Богатырев сделал ей предложение. Она приняла. Через неделю сыграли свадьбу. Венчались в маленькой церковке, с ними были только самые близкие друзья, и молодая пара на другой день выехала в свадебное путешествие в Петербург, Москву, Париж, Италию, Испанию, потом Ниццу. Однажды он попросил Елену разрешить ему выехать на один день испытать счастье в Монте-Карло — сыграть в рулетку. Он верил в свое «картежное счастье», и ему действительно очень везло. Играл он крупно и почти никогда не проигрывал.
В Монте-Карло вместо одного дня Богатырев пробыл три. Когда он собрался уезжать, из Ниццы примчалась Елена Николаевна. Она не спала ночей, думая, что с мужем случилось несчастье. Он как ни в чем ни бывало убедил, что иначе не мог поступить. И они вернулись в Ниццу, а потом в Россию, к себе, в свой город, в свой особняк, на свои фабрики, куда он вступал уже полным хозяином. За время свадебной поездки Богатырев сумел убедить Елену Николаевну, что он может согласиться вести все ее дела только если станет полновластным хозяином всего имущества и богатства, наследницей которого была Елена Пузанова. Она, искренне любя своего мужа, дала ему нотариальное согласие, а ему этого только и надо было. Вот тут-то Богатырев и обнажил свое второе лицо — лицо хищника. Через два года он ушестерил свой капитал разными неблаговидными коммерческими махинациями и темными делами: одних пустил по миру, других посадил в тюрьму за долги и разорил. Жену он упек в сумасшедший дом.
— Вот какой это человек, — сказал мне Горелов. — Теперь вы понимаете, почему меня испугал его подарок.

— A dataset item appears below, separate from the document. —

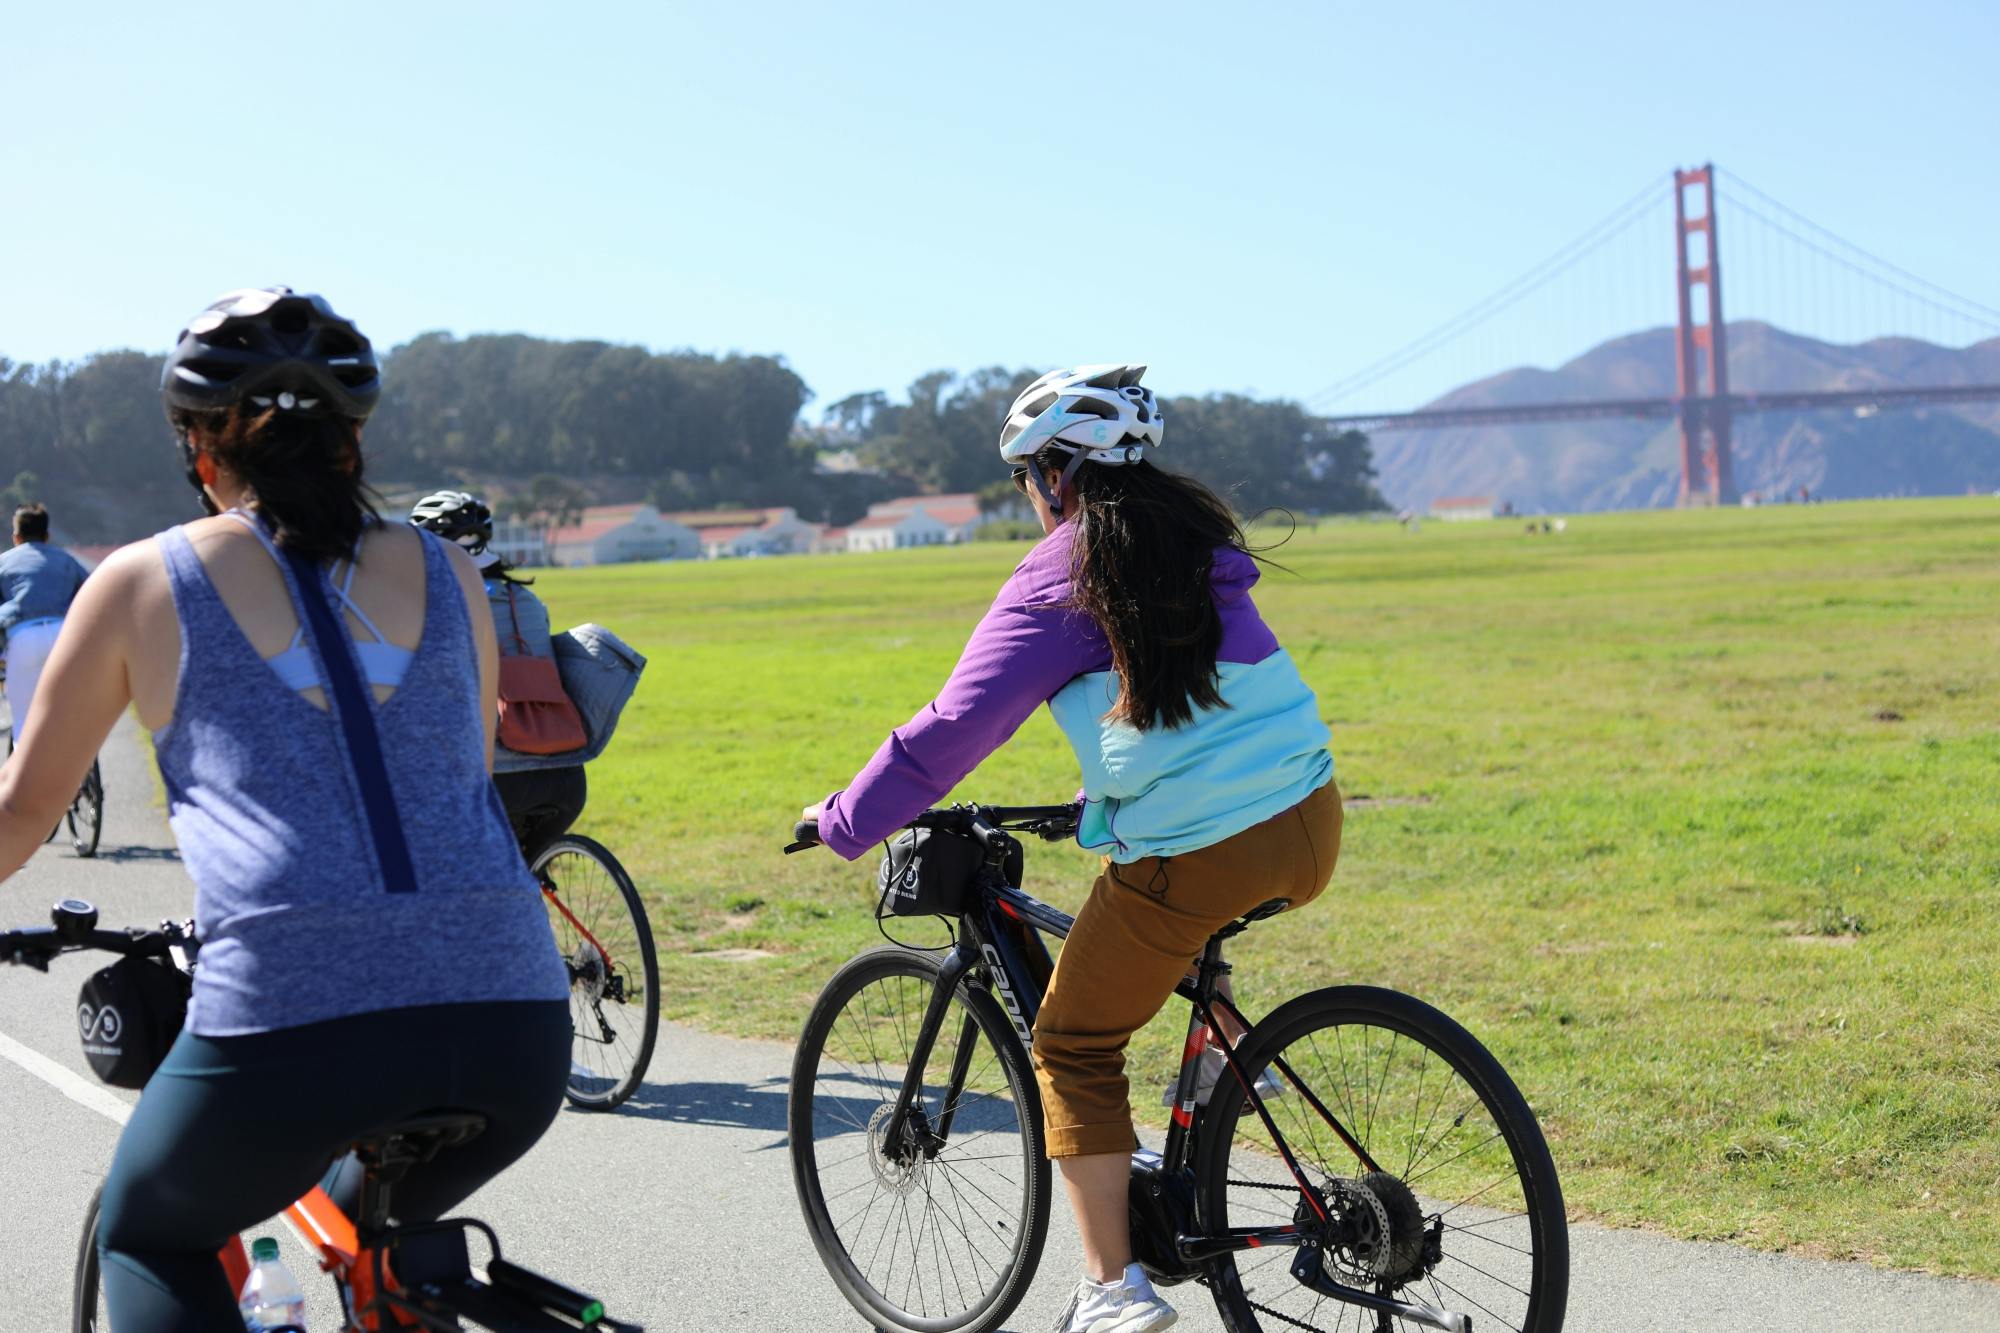 Höhepunkte der geführten Fahrradtour durch den Golden Gate Park

В старые времена бенефис имел большое значение в жизни актера или актрисы. Это были своего рода именины актера, праздник, и не только одного актера, праздновавшего свой бенефис, если это был любимый актер, то и остальных актеров и публики. Если бенефициант был любимец публики, то он поправлял материальные и денежные дела антрепренера, а значит и всей труппы. В этот день бенефицианту подносили цветы и подарки от публики и от товарищей. Но самое главное было то, что по-существующему тогда неписаному закону, бенефициант мог играть любую роль, какая ему нравилась в пьесе и, конечно, главную. А для молодого актера или актрисы это были самые радостные и счастливые дни.
К бенефису Наташи готовились тщательно. Должна была идти шекспировская пьеса «Ромео и Джульетта». Роль Джульетты Наташа играла первый раз в жизни. Пьесу ставил Горелов. Роль он готовил с дочерью любовно и трепетно, вспоминая, как он в молодости играл Ромео, а мать Наташи — Джульетту. Наташа жила словно в каком-то угаре — ежедневные спектакли, репетиции. (Она крепко вошла в репертуар и играла уже все главные роли). После каждого спектакля Богатырев под вымышленными именами присылал ей огромные корзины роз — то белых, то красных. Были ценные подношения и до бенефиса, что тогда не очень часто случалось. Наташа была неразлучна с Виктором и на спектакле и на репетиции. Днем она позировала ему два часа, так как он торопился закончить портрет к бенефису. На правах жениха он устраивал ей сцены ревности — его бесили цветы, которые она получала ежедневно, и подарки. Он знал, что делает это Богатырев, который иногда даже заходил во время спектакля в уборную к Наташе. Раз Виктор застал там Богатырева. Юноша не поздоровался с ним, повернулся, демонстративно вышел из уборной и даже не остался на спектакль. Когда Наташа пришла домой, она застала там Виктора. Произошло бурное объяснение, после чего они помирились, и все пошло своим чередом. Время было такое, что ничего не оставалось делать… Цветы и подарки нужно было принимать — их передавала публика. Это был символ любви публики к актеру. У некоторых актеров это вызывало зависть. Бывали случаи, правда, редко, когда актриса демонстративно не принимала цветов или подарка, или просто отсылала обратно «поклоннику». Но после этого нужно было немедленно бросать город, иначе таким смелым людям все равно не было житья. В театре им устраивались обструкции — или их забрасывали солеными огурцами и гнилыми яблоками во время спектакля; или объявлялся бойкот — «публика» не шла на тот спектакль, в котором участвовал актер или актриса, осмелившаяся публично отказаться от подарка «поклонника». Мало того, их преследовали и в другом городе по настоянию того же «поклонника». Эти актеры порой совсем исчезали с горизонта. Нравы и обычаи были дикие, звериные. И Гореловым ничего не оставалось, как терпеть…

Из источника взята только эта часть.